The reasons are obvious. Everybody had modern Mac/PC machines which could run the largest Z-code games with ease. Authors felt free to put more scenery, more detail, more responses into their games. In that atmosphere, the V3 limit of 255 objects really pinched. And the other V5 features were nice to have around. Most games didn't need sound or timed input, but bold and italic text always look good. Why not build your game on V5 and have all the amenities available, just in case?
(Then, in 1995, Graham Nelson's Jigsaw overflowed V5 and he had to invent V7 and V8 in a hurry. But never mind that.)
So Inform's V3 compiler code was barely ever tested after the mid-90s. And we know what happens to untested code: it breaks. A couple of bugs crept in and nobody noticed.
That is, not until 2020 (jingle bloop). A couple of projects are now working on Z-machine tools for retro machines. MetroCenter '84 and PunyInform are Inform libraries optimized for size; Ozmoo and Pitch Dark are Z-machine interpreters which run on the C-64 and Apple 2.
Running on that classic metal means embracing all the memory limitations which we forgot about in the 90s. Every object and every byte counts. V3 is once again the order of the day. And presto -- the bug reports started rolling in.
Okay, only two bug reports. The fixes were a couple of lines each. Now Inform 6 can compile V3 games again!
While I was in there, I added a feature which could be of additional help. I6 games can now contain "static arrays", whose data goes into ROM rather than RAM. (Yeah, the Z-machine has ROM and RAM. I'm simplifying a bit but that's the idea.)

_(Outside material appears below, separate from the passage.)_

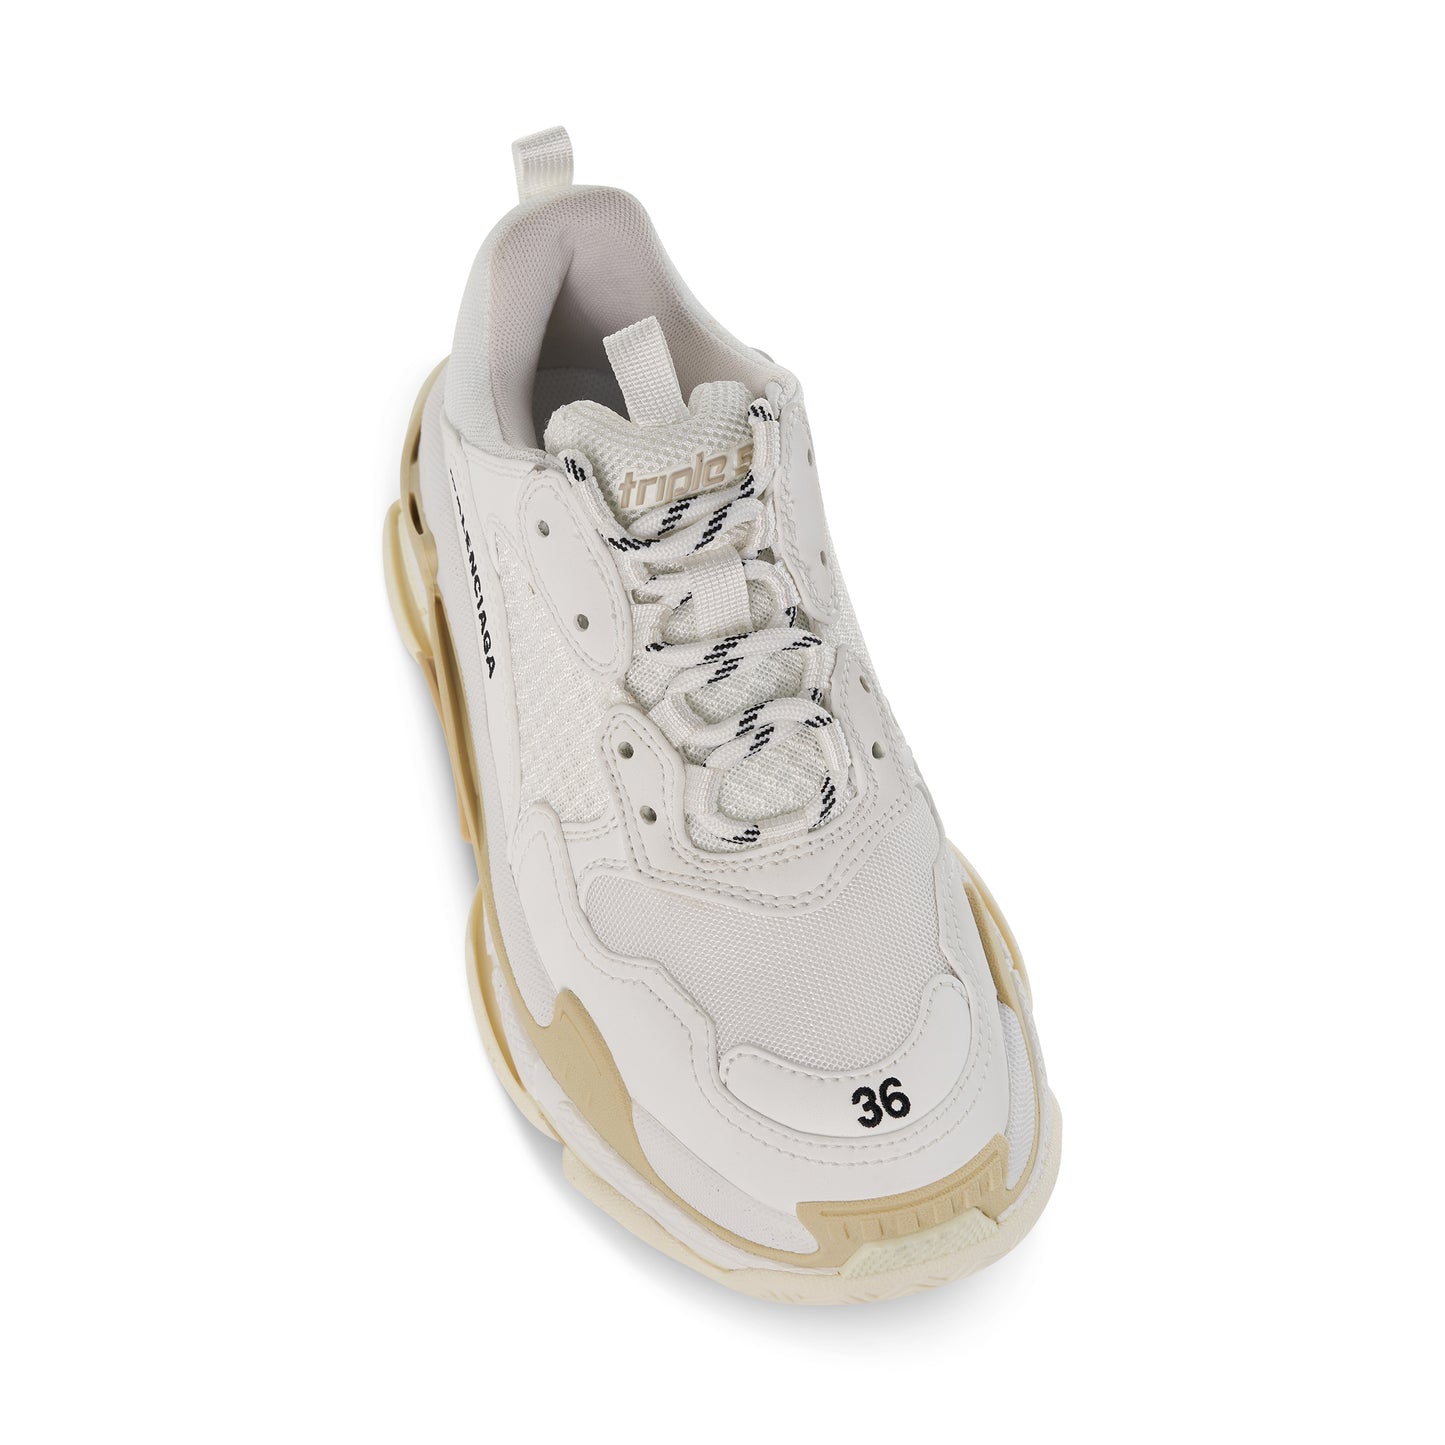 Triple S Sneakers in White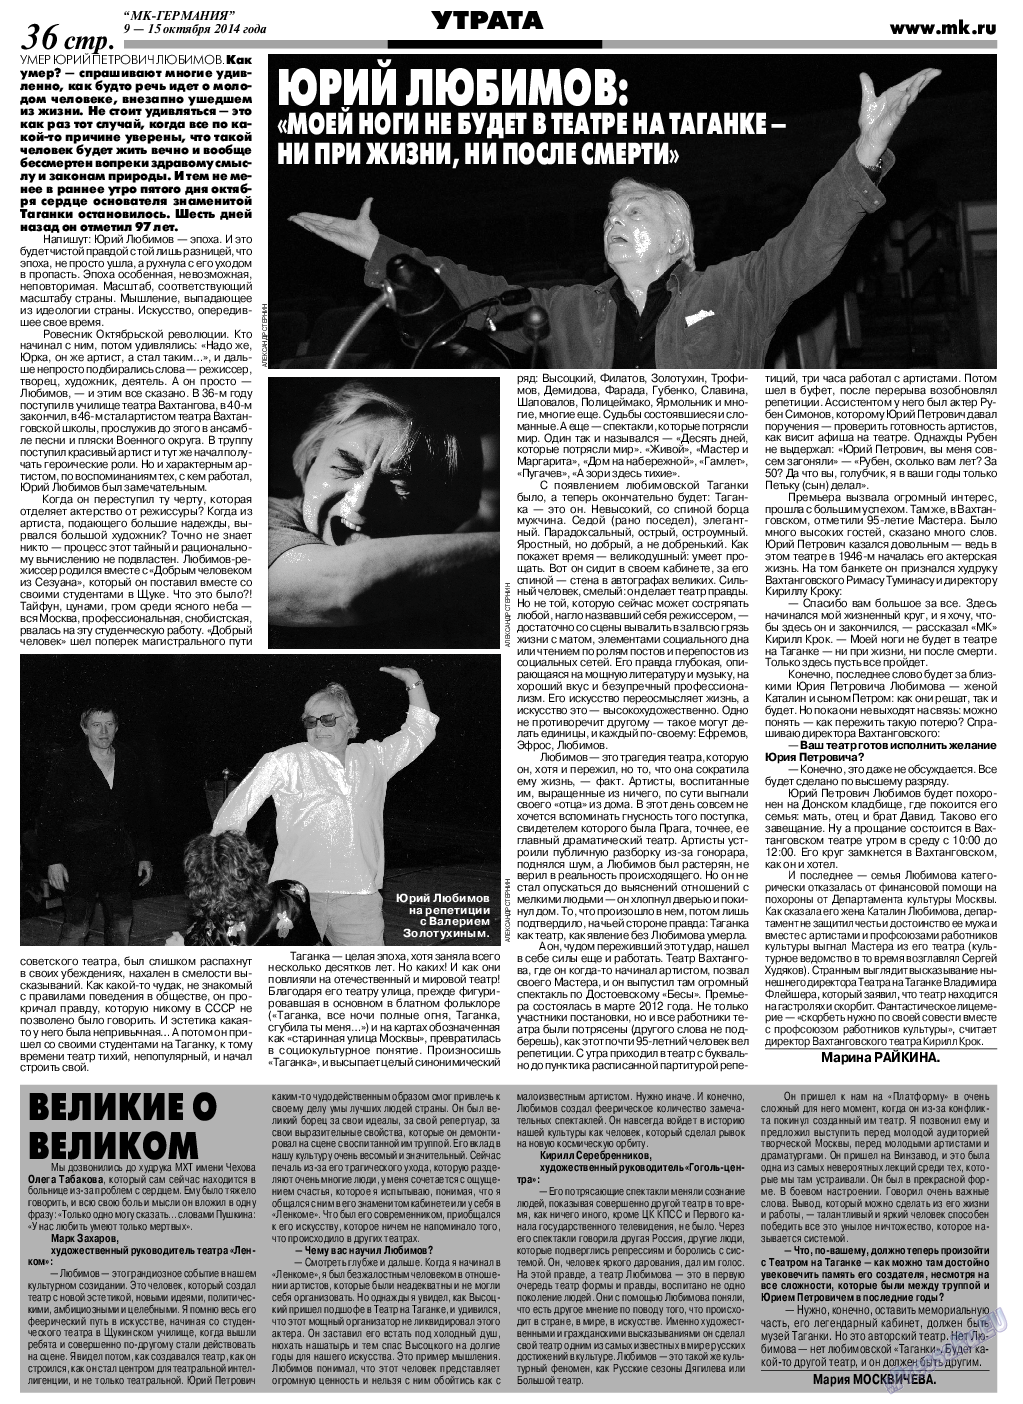 МК-Германия, газета. 2014 №41 стр.36

Static arrays may not be a lot of help. I first considered this idea when I was working on Hadean Lands -- a game which was originally planned for the "limited hardware" of the iPhone. (This was back when mobile phones didn't have gigabytes of memory.) I knew HL's alchemy system would require a lot of data and I thought that putting it into ROM might be worthwhile. But, long story short, it turned out not to be. So I didn't do it. Until now.
(Before you ask: yes, Hadean Lands is written in Inform 7, and it uses the Glulx VM rather than the Z-machine. The I6 compiler is still part of the toolchain and the concept of static arrays applies equally well to Glulx ROM and RAM.)
So there's your history lesson of the week. I could have tweeted "Inform 6 bugs fixed", but this is more fun to read, I hope.